As more White House staff are replaced, uncertainty pursues US diplomacy. It appears that the US president does not sweat the details and the consequences of his policymaking.


Although many inside the US want a tough policy toward China, they do not like a trade war harming the US. President of the US Chamber of Commerce Thomas Donohue said in a statement that "simply put, tariffs are damaging taxes on American consumers."


Forty-five US trade associations representing some of the largest companies in the country have urged Trump not to impose tariffs on China, warning it would be "particularly harmful" to the US economy and consumers. The organizations said in a letter to Trump that potential tariffs on China would raise prices on consumer goods, kill jobs and drive down financial markets. They will reduce US competitiveness in the long term.


Soybean producers in the US fear China will retaliate against the nation`s agriculture sector. Some analysts expected China to import 100 million tons of soybeans during the 2018-19 market year. China is the top importer of US soybeans and related products, and US agricultural exports to China represent about $20 billion annually for American farmers.


Apart from tariffs, the Trump administration is going to impose restrictions on Chinese investment in the US and student visas. It is believed that the investment from China has created hundreds of thousands of jobs.

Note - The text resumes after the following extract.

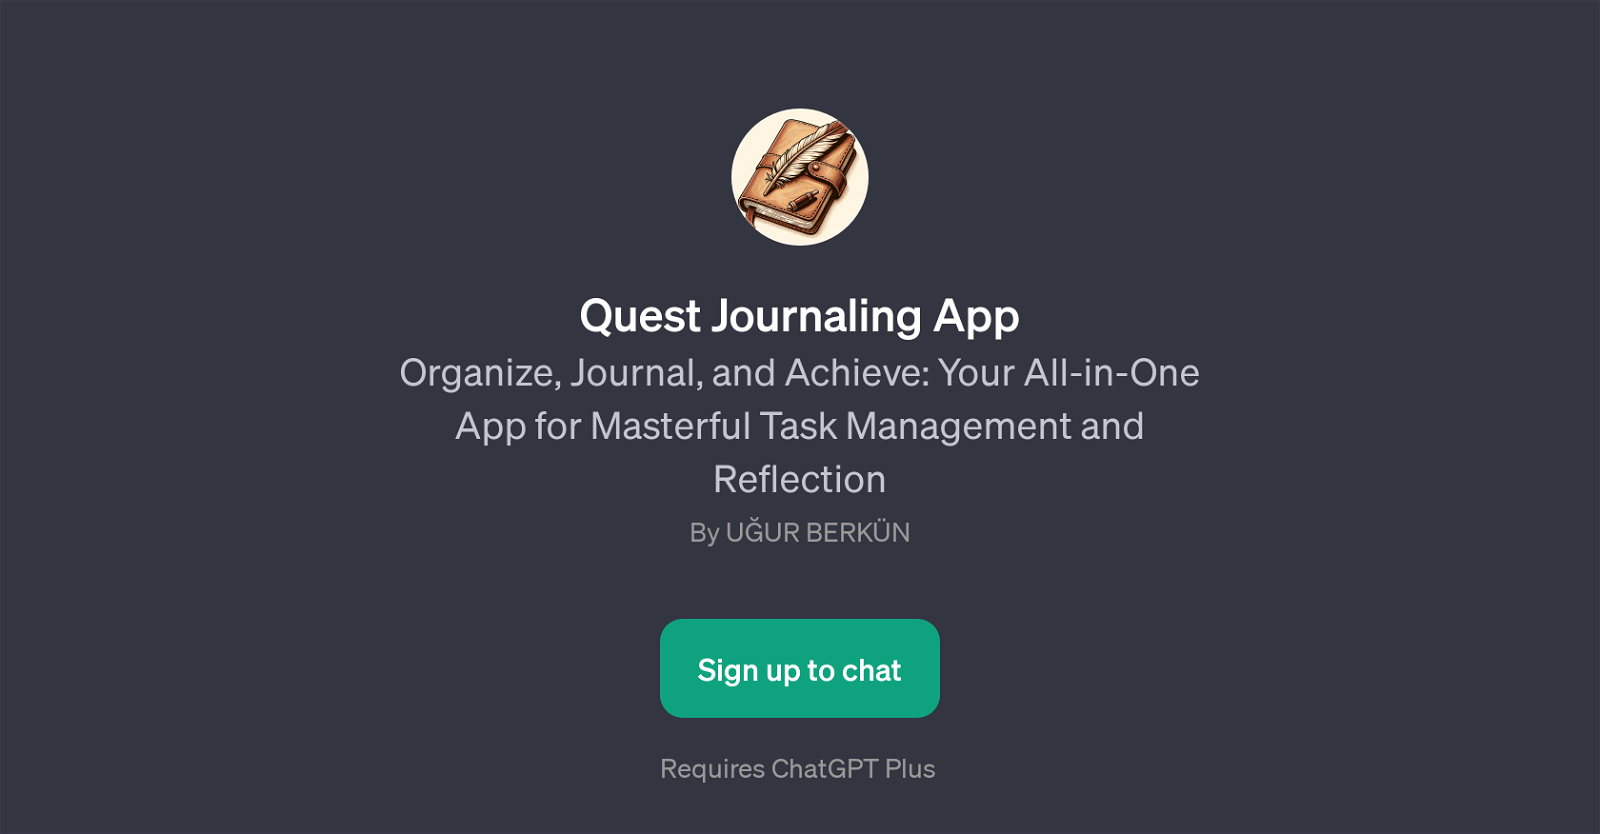 Quest Journaling App website

The US has a global trade surplus in education. Chinese students in the US account for roughly one-third of the 1.1 million international students enrolled at American universities in the 2016-17 academic year.


China has tried hard to prevent the trade war and Beijing promised it will open even wider to imports and investment. However the Chinese people`s anger has been sparked. The world`s second largest economy will not be blackmailed and just like Cui Tiankai, Chinese ambassador to the US said, "If a trade war were initiated by the US, China would fight to the end to defend its own legitimate interests with all necessary measures."

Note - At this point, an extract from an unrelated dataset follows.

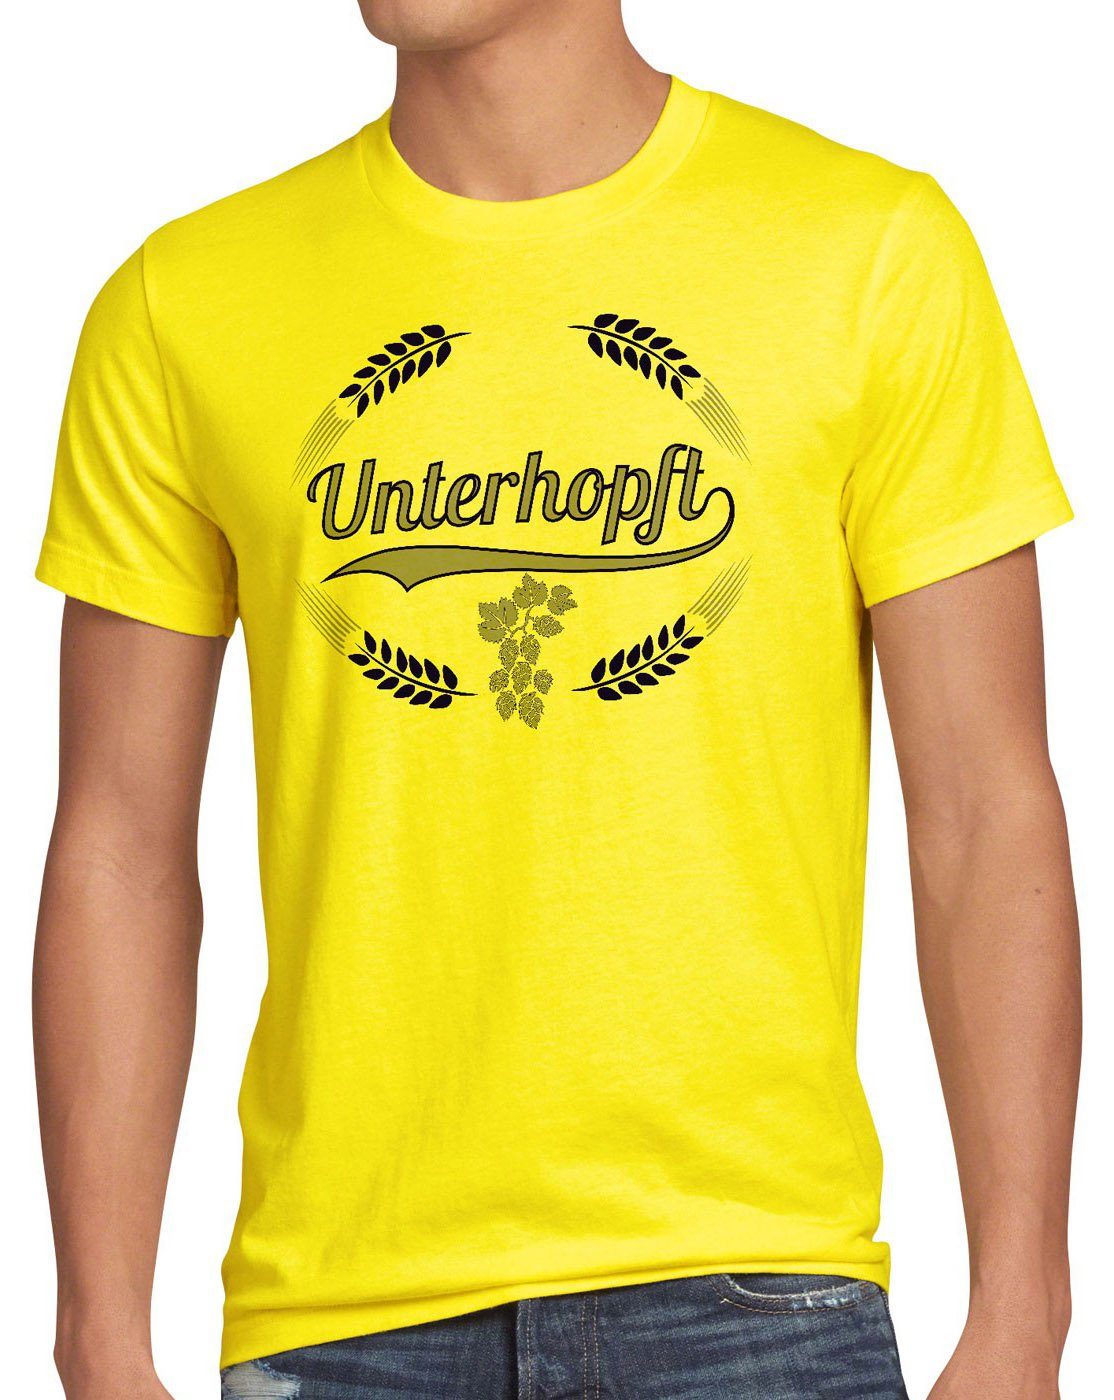 style3 Print-Shirt Bier Hopfen Shirt Fun Kult Funshirt Herren Fest gelb Malz Spruch Unterhopft T-Shirt

It is hard to achieve Trump`s demand for a $100 billion cut in China`s trade surplus with the US by only reducing imports from China. The US should end its restrictions on high-technology products and attract more Chinese enterprises to set up factories in the US.


However, the US has labeled China a US strategic competitor and its increasingly hawkish decision-making circle is creating obstacles for both countries.


The author is a visiting fellow at the Chongyang Institute for Financial Studies at Renmin University of China.